Bukan hanya karena ada permasalahan baru yang bisa mengganggu perayaan Olimpiade dan khususnya upacara pembukaan yang dilakukan di luar ruangan, yakni ancaman terorisme, namun ada pula permasalahan lain.

Ini adalah ketiga kalinya Olimpiade diadakan di Paris, karena ibu kota Prancis pernah menjadi tuan rumah pesta olahraga tersebut pada tahun 1900 dan 1924.

Namun mungkin Olimpiade ini merupakan Olimpiade yang paling menantang bagi Perancis, karena Olimpiade ini diadakan ketika dunia dan Perancis sedang menghadapi permasalahan politik dan geopolitik yang besar.

Selain ancaman terorisme dan permasalahan internal seperti tunawisma dan pedagang kaki lima yang dapat merusak citra kota Paris, Prancis juga menghadapi dampak permasalahan global yang dapat mengganggu kelancaran proses Olimpiade 2024.

Thierry Henry: Prancis Incar Emas Olimpiade
Ad Hoc: Indonesia Masih Perlu Amankan Unggulan Jelang Olimpiade

Emosi perang Gaza

Di antara isu-isu politik yang mengkhawatirkan Perancis adalah perasaan global yang disebabkan oleh perang Rusia-Ukraina dan konflik Israel-Palestina di Jalur Gaza.

Perang antara Rusia dan Ukraina mendorong penyelenggara Olimpiade Paris dan Komite Olimpiade Internasional, serta badan olahraga dunia, menutup pintu bagi Rusia dan Belarus, yang dianggap sebagai biang keladi perang di Ukraina.

Sebagai bagian dari tekanan global terhadap Rusia untuk mengakhiri invasinya ke Ukraina, IOC kemudian melarang Rusia dan Belarusia berpartisipasi di Olimpiade 2024, kecuali dalam status netral di mana atlet dari kedua negara tetap bisa bertanding namun mewakili negara mereka bukan diri mereka sendiri.

Beberapa bulan sebelum dimulainya Olimpiade Paris, perang antara Rusia dan Ukraina telah menjadi masalah terbesar bagi Prancis dan Komite Olimpiade Internasional.

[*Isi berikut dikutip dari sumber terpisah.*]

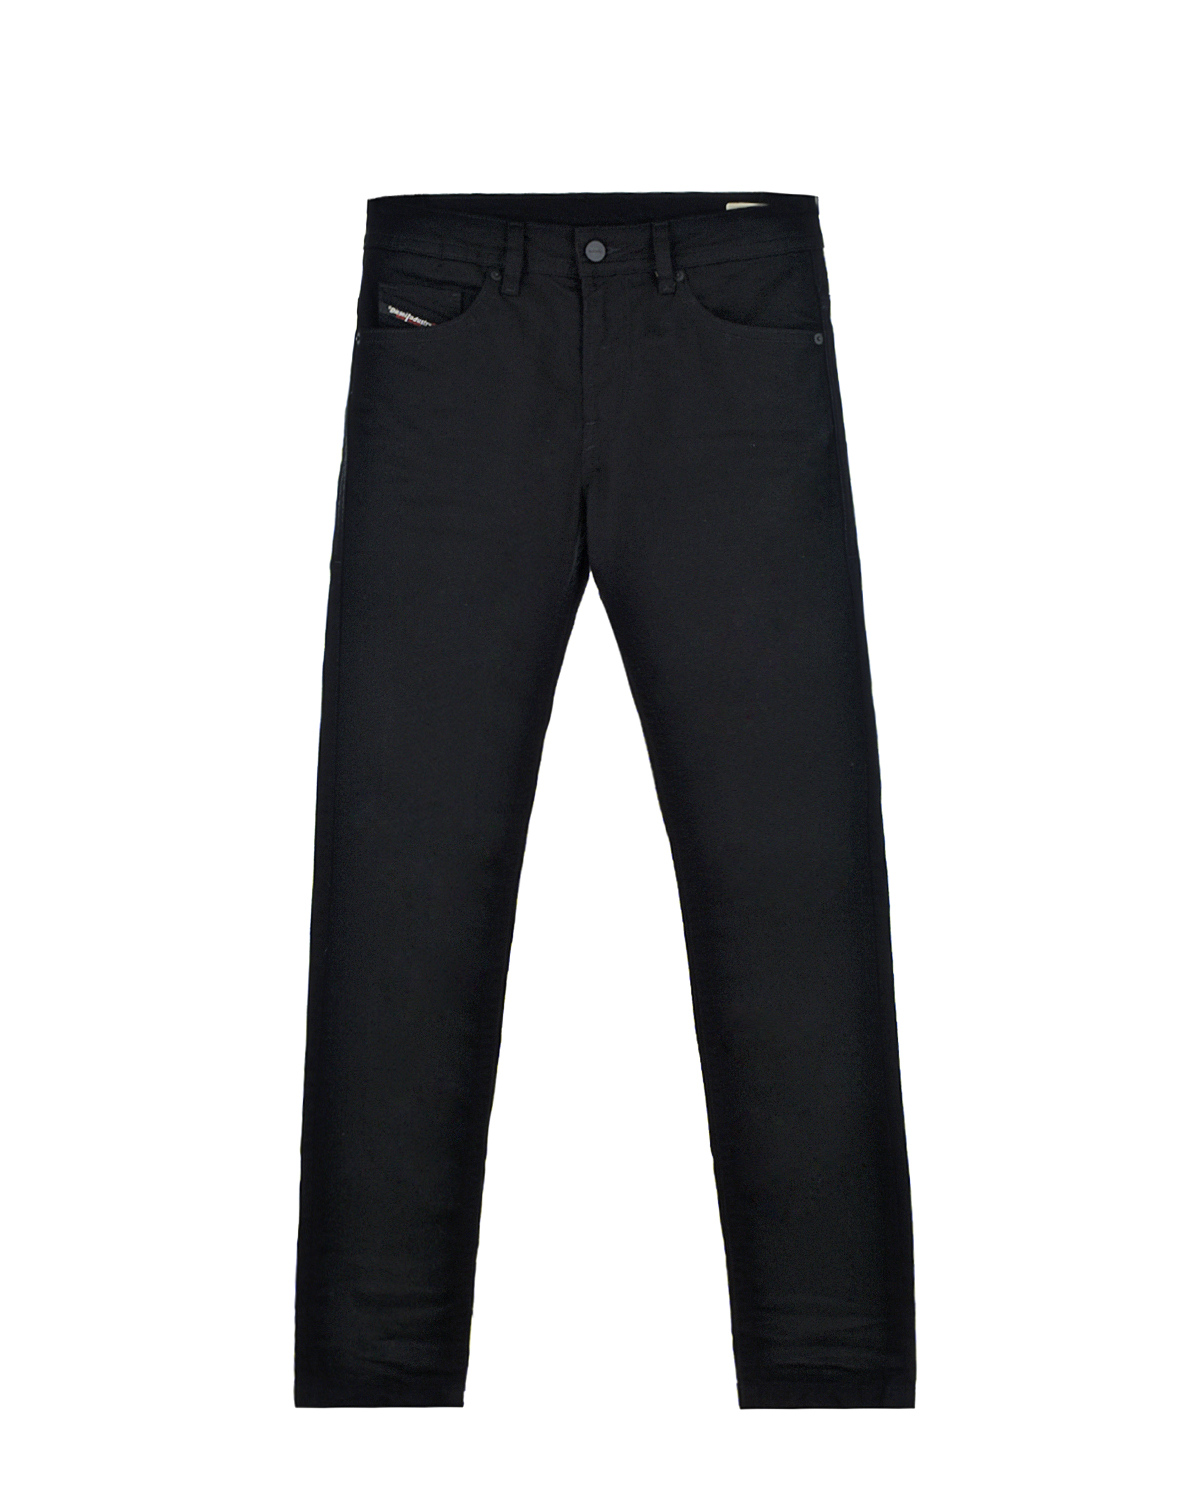 Узкие джинсы для мальчиков Diesel детские, размер 116, цвет черный - фото 1

Situasi ini semakin rumit setelah kembali terjadi perang di Timur Tengah, khususnya di Jalur Gaza, antara Israel dan Palestina, khususnya Hamas.

Serangan Hamas di tanah Israel kemudian ditanggapi dengan respons brutal Israel, menewaskan 25.000 warga Gaza dan menghancurkan hampir seluruh Gaza.

Situasi ini membuat marah dunia dan menuduh Israel melakukan genosida dan pembersihan etnis di Gaza.

Kemarahan global terhadap Israel nampaknya diungkapkan oleh para atlet global, tidak hanya di negara-negara Arab dan Muslim, namun juga di negara Barat sendiri, termasuk Perancis.

Salah satu atlet tersebut adalah pebasket putri Prancis Emily Gomis yang merupakan salah satu duta Olimpiade Paris 2024.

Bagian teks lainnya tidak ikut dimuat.